- WHAT TO DO -
Transcribe exactly everything in the data below from the line containing "Garbo fringed ceiling" down to the line containing "Mariyo Yagi was", both lines included and nothing further.

═════ RECORDED INFORMATION ═════

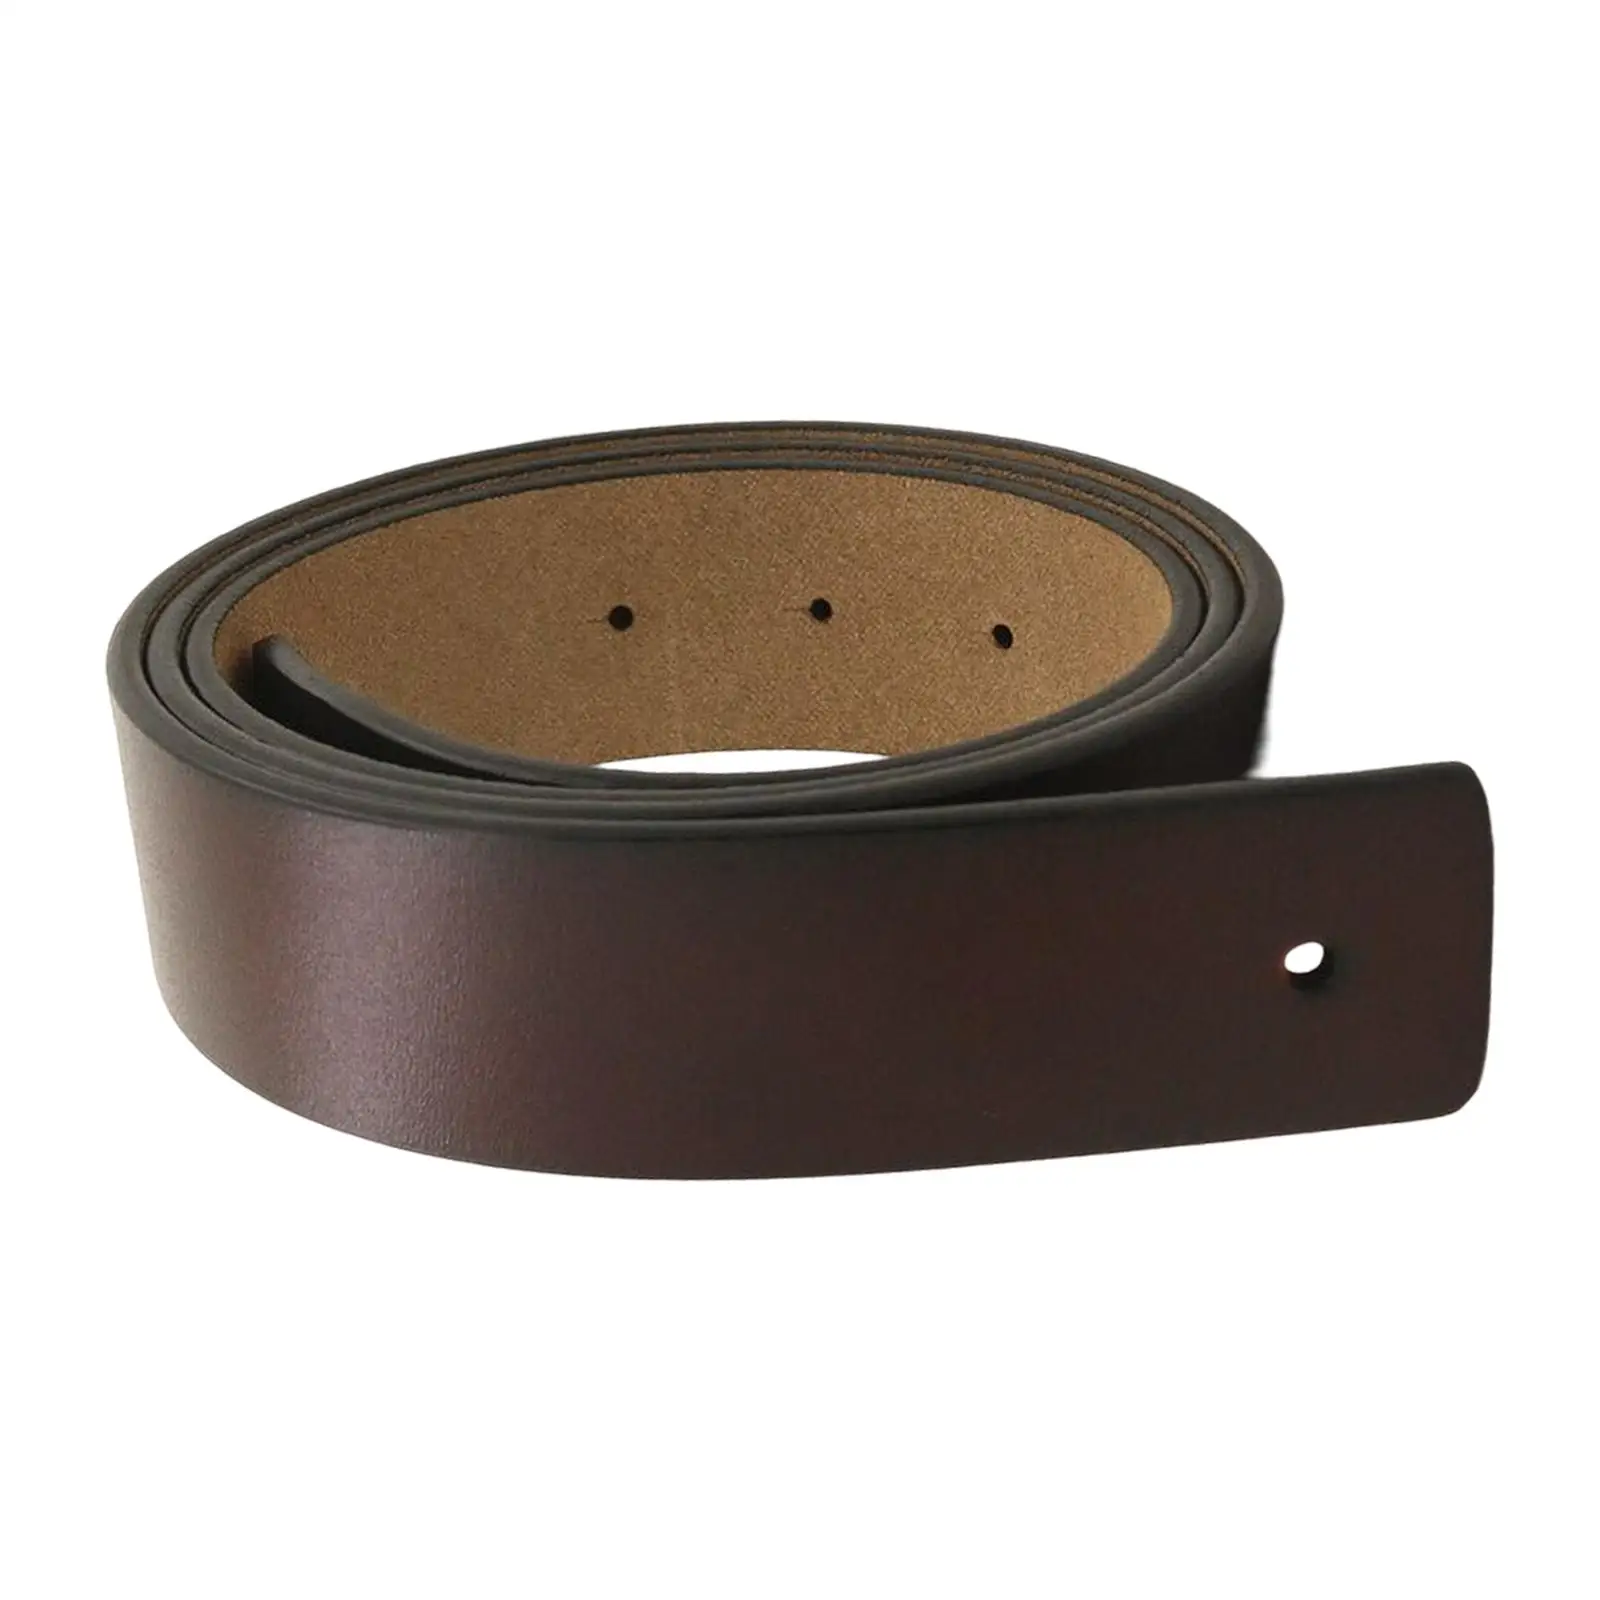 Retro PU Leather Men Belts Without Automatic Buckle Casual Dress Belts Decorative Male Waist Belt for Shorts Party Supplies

═════
═════ RECORDED INFORMATION ═════

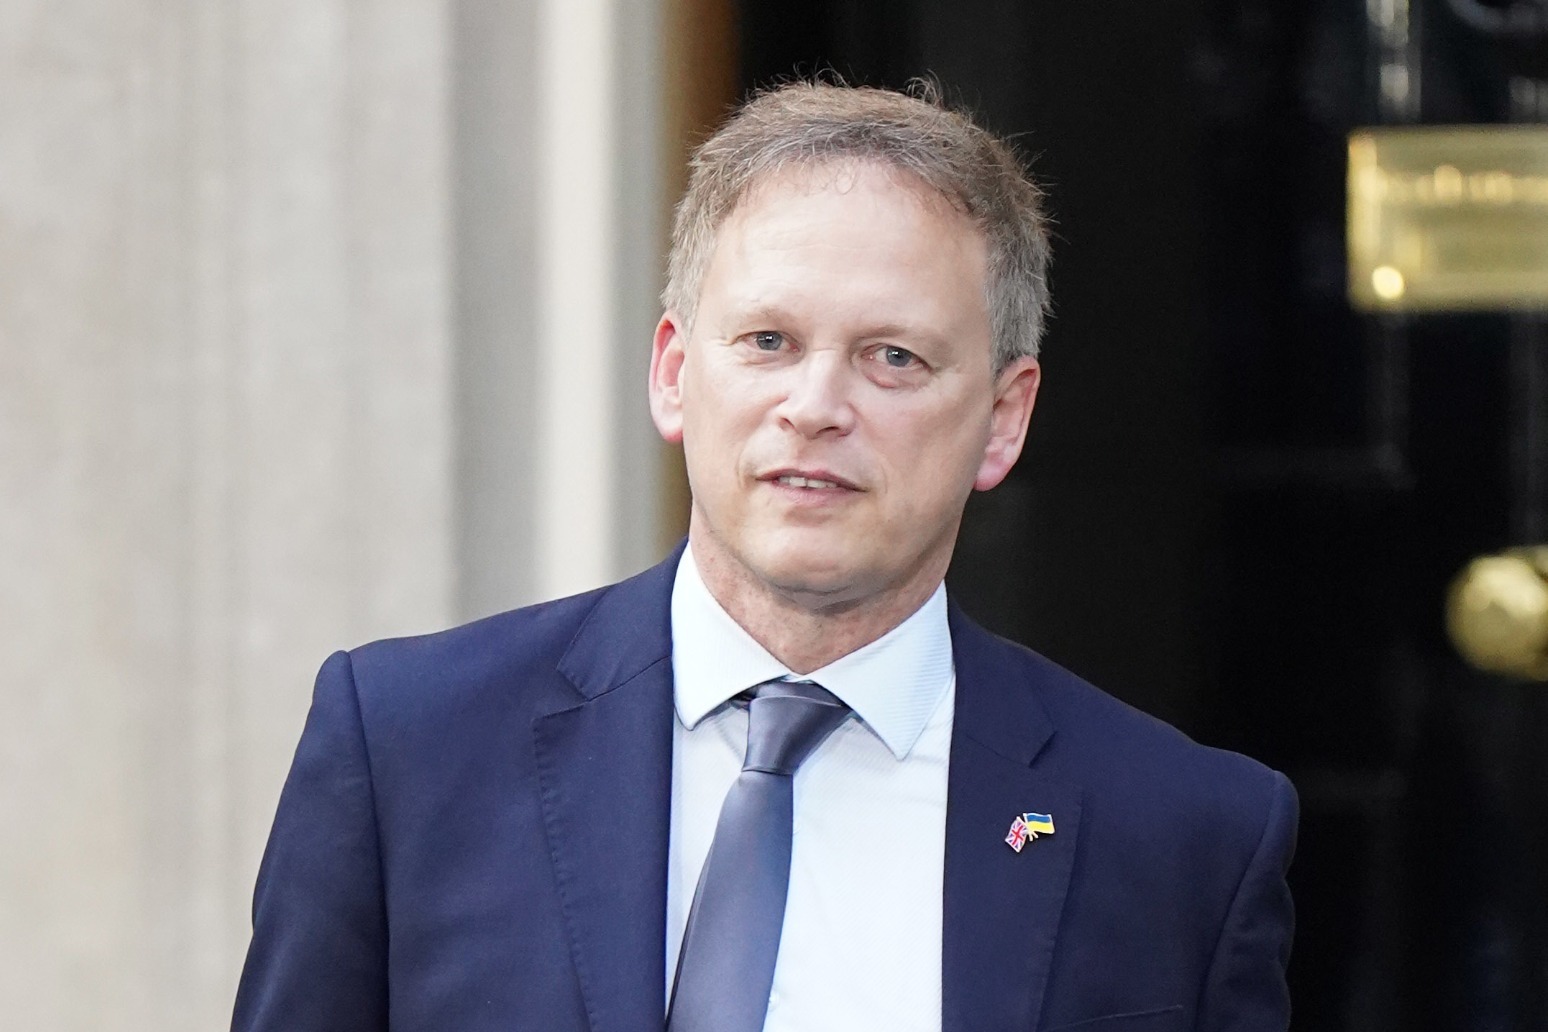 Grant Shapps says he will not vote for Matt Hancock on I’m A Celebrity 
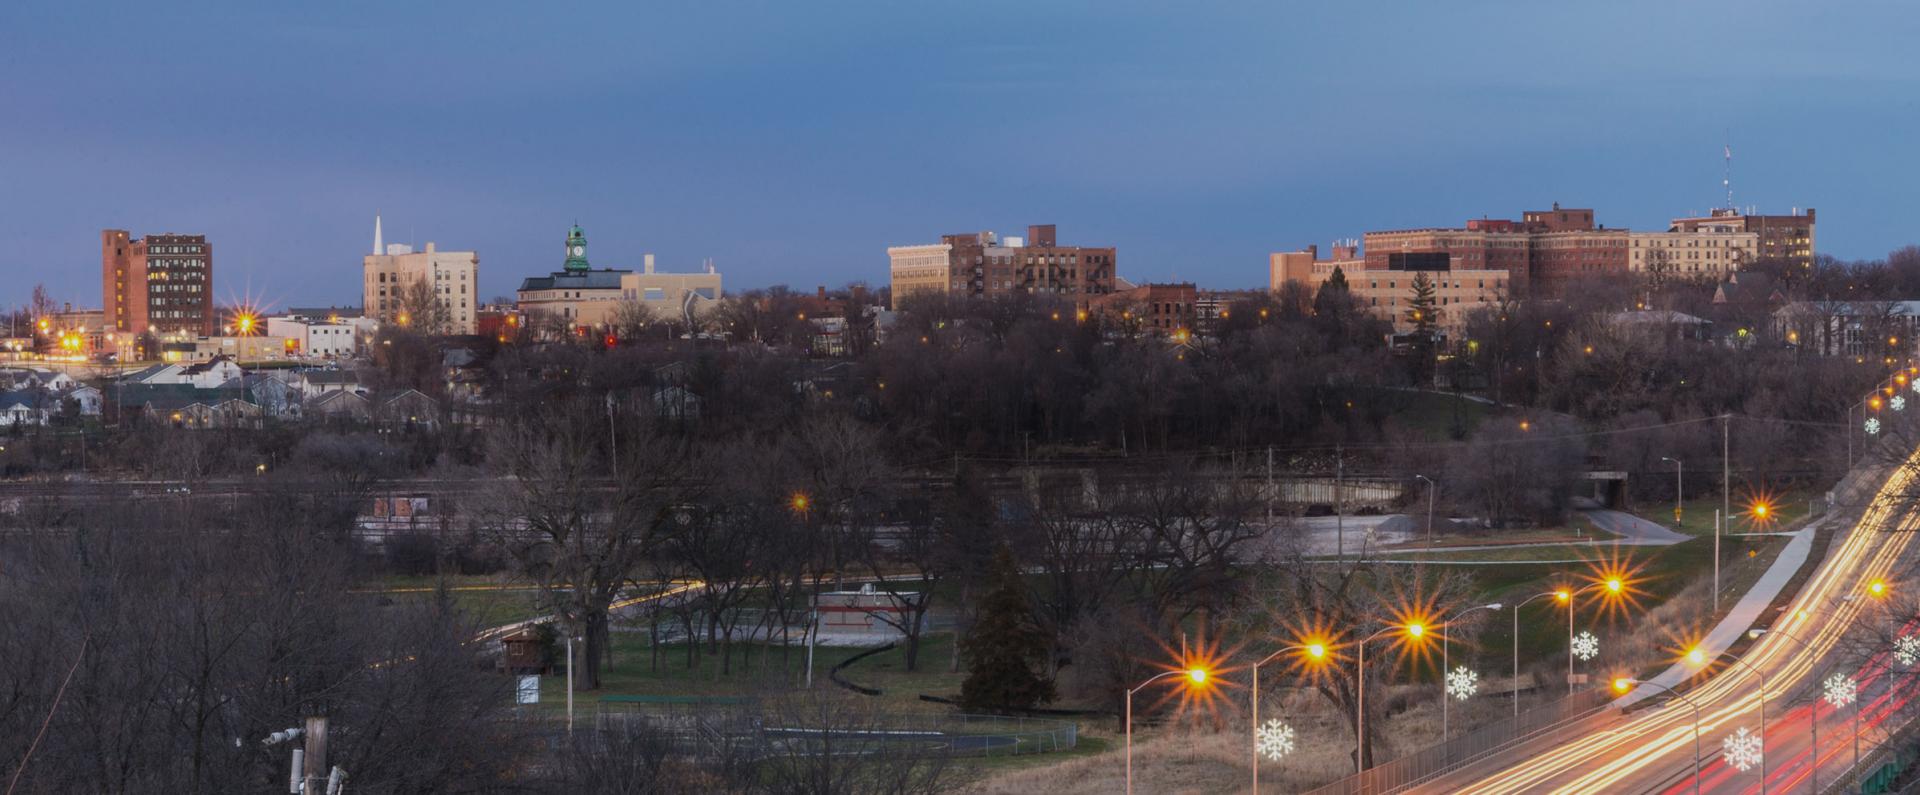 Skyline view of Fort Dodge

═════
═════ RECORDED INFORMATION ═════

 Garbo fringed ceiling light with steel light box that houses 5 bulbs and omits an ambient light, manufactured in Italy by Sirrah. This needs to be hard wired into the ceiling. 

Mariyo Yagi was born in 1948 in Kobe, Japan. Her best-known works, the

═════

- SOLUTION -
 Garbo fringed ceiling light with steel light box that houses 5 bulbs and omits an ambient light, manufactured in Italy by Sirrah. This needs to be hard wired into the ceiling. 

Mariyo Yagi was born in 1948 in Kobe, Japan. Her best-known works, the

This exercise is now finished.